• Task to carry out: The reply is a verbatim copy of the listing below with its images dropped.

• Collected data:
[Start of section]

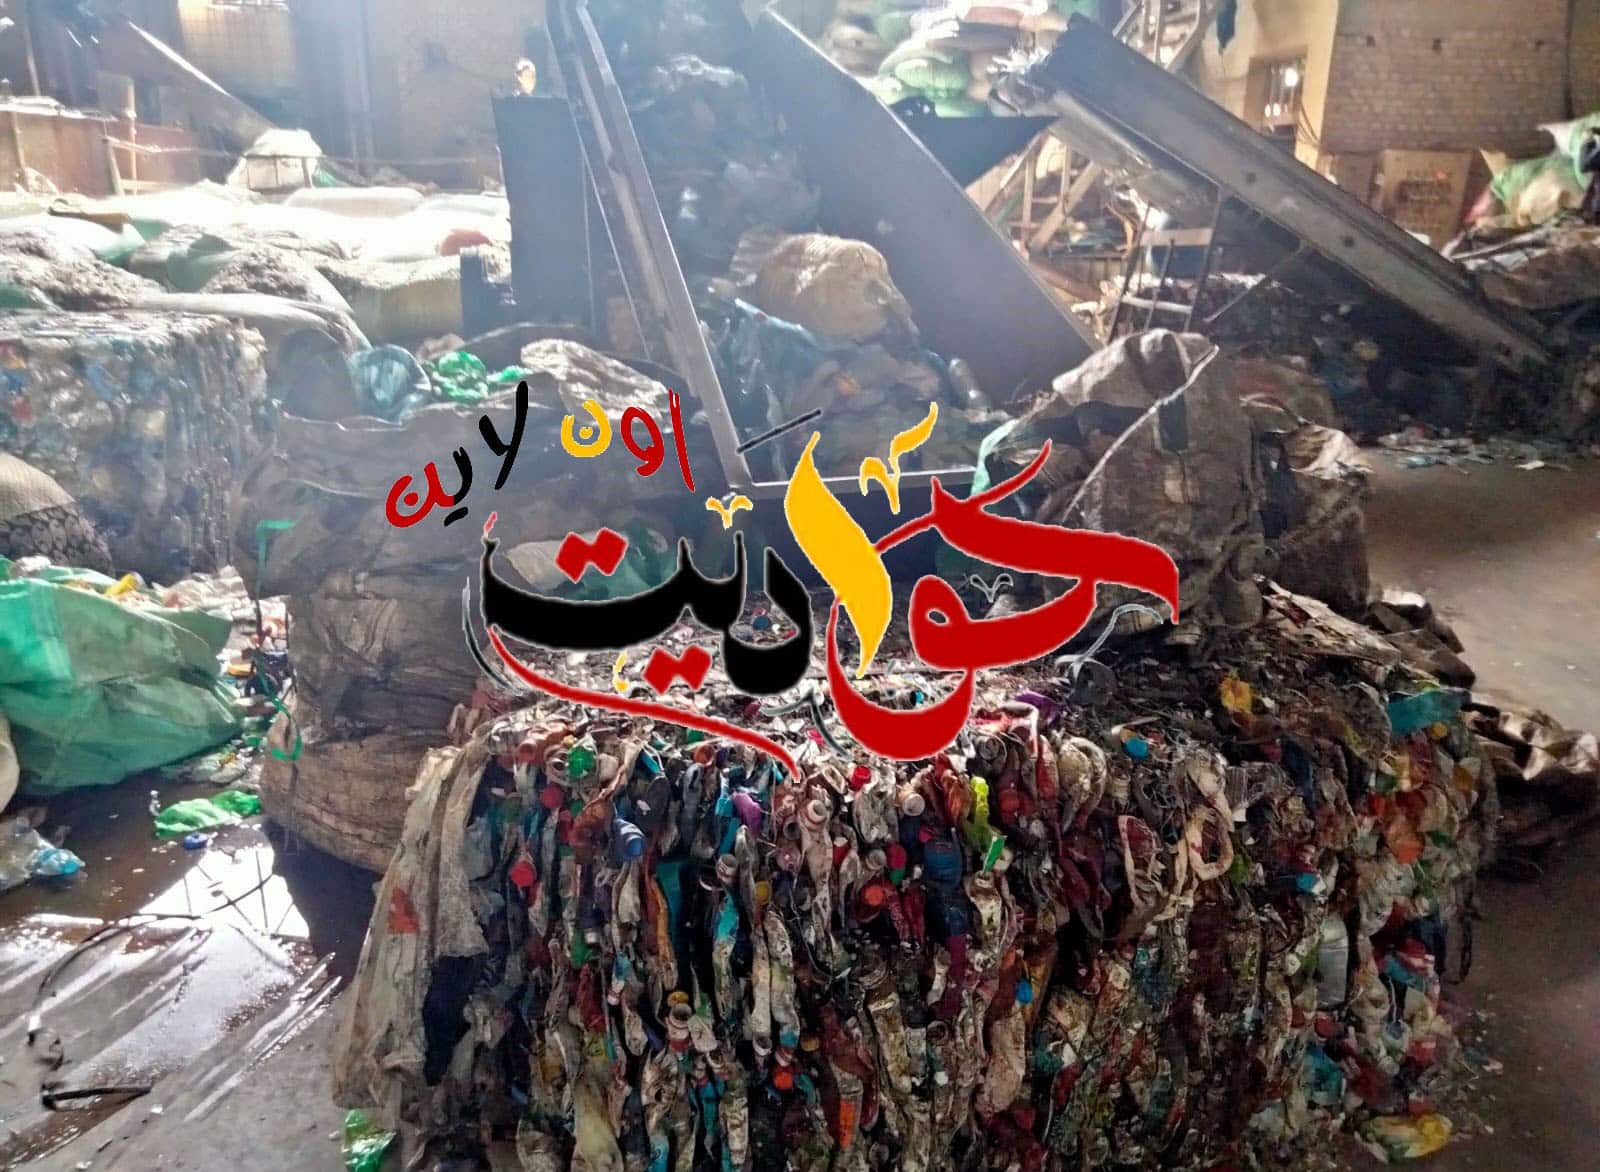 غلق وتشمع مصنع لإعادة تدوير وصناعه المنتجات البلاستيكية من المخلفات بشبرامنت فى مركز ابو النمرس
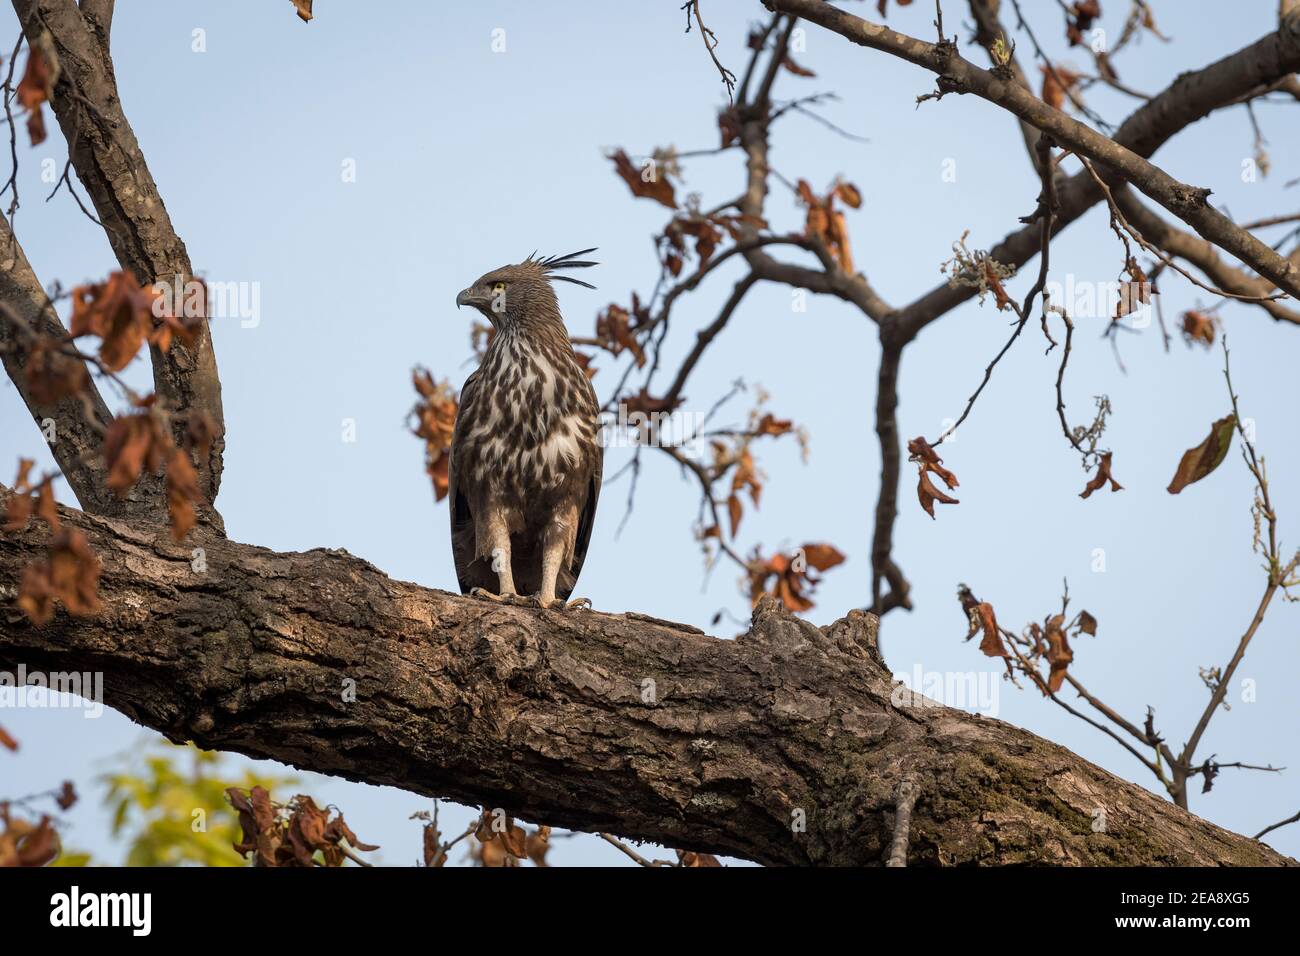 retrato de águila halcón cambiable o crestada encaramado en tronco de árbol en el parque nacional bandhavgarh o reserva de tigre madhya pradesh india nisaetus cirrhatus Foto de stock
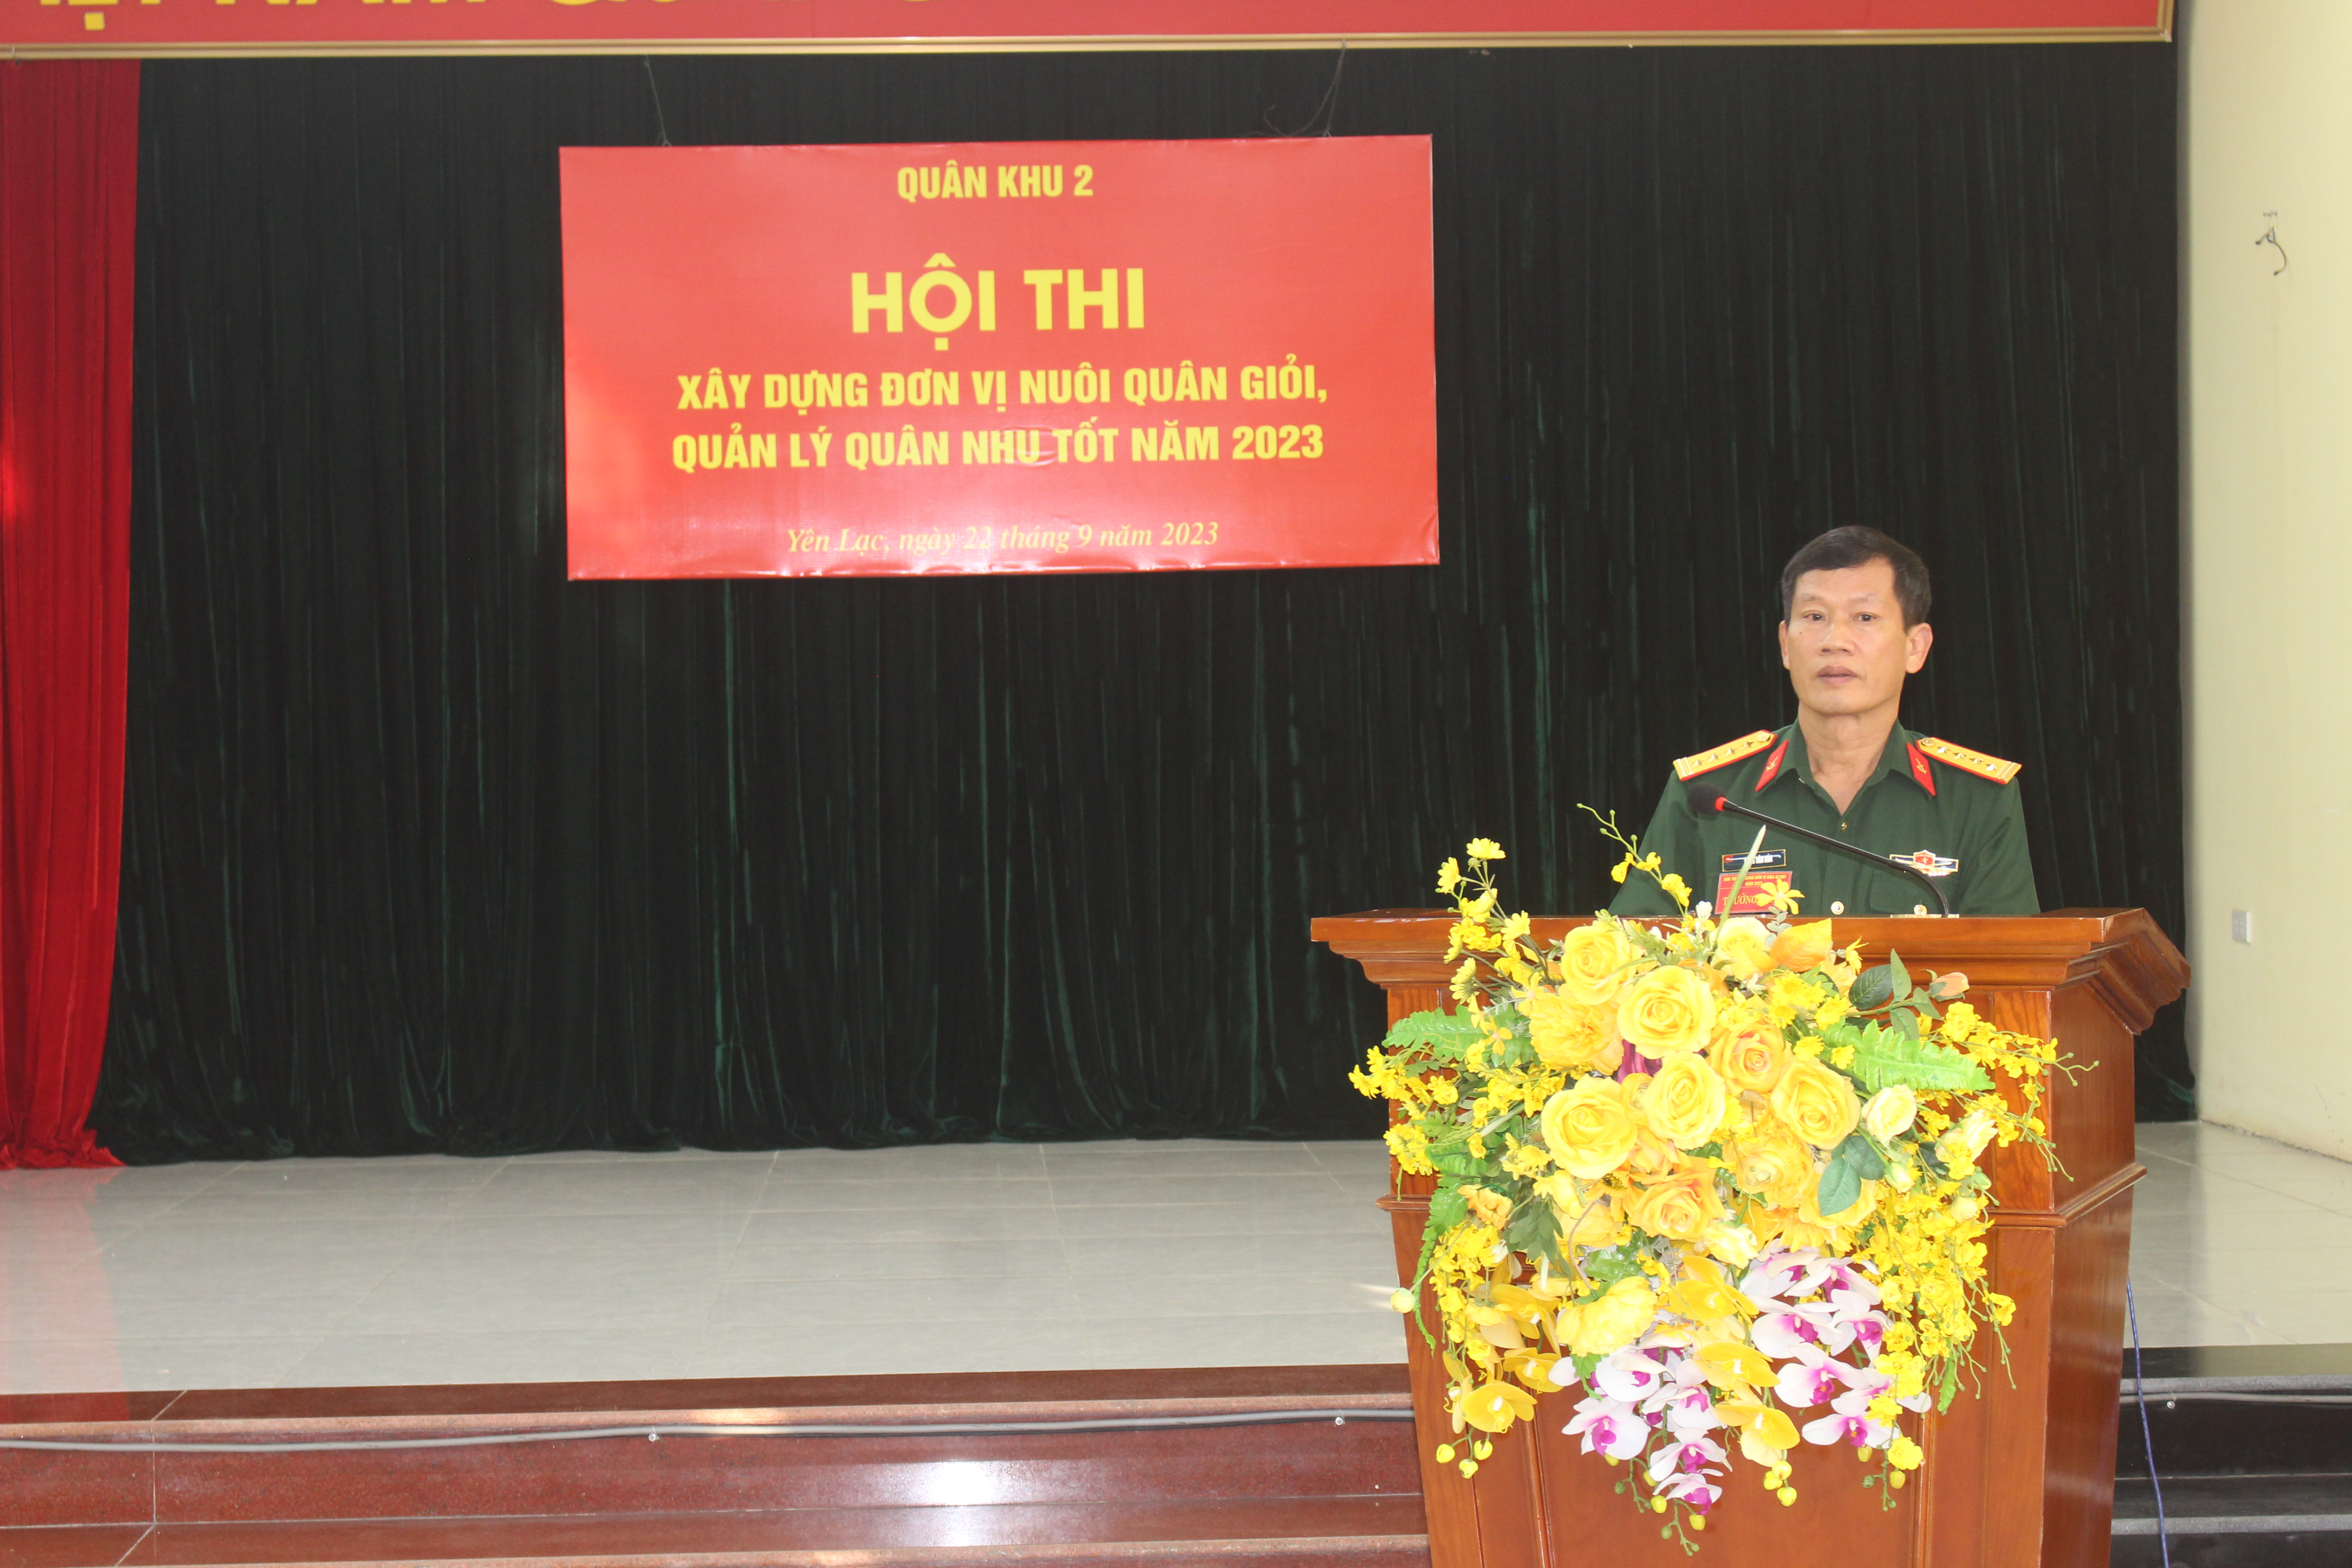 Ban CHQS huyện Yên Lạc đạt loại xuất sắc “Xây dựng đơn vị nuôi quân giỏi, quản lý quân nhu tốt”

[End of section]

• Exercise result:
 غلق وتشمع مصنع لإعادة تدوير وصناعه المنتجات البلاستيكية من المخلفات بشبرامنت فى مركز ابو النمرس
 retrato de águila halcón cambiable o crestada encaramado en tronco de árbol en el parque nacional bandhavgarh o reserva de tigre madhya pradesh india nisaetus cirrhatus Foto de stock
 Ban CHQS huyện Yên Lạc đạt loại xuất sắc “Xây dựng đơn vị nuôi quân giỏi, quản lý quân nhu tốt”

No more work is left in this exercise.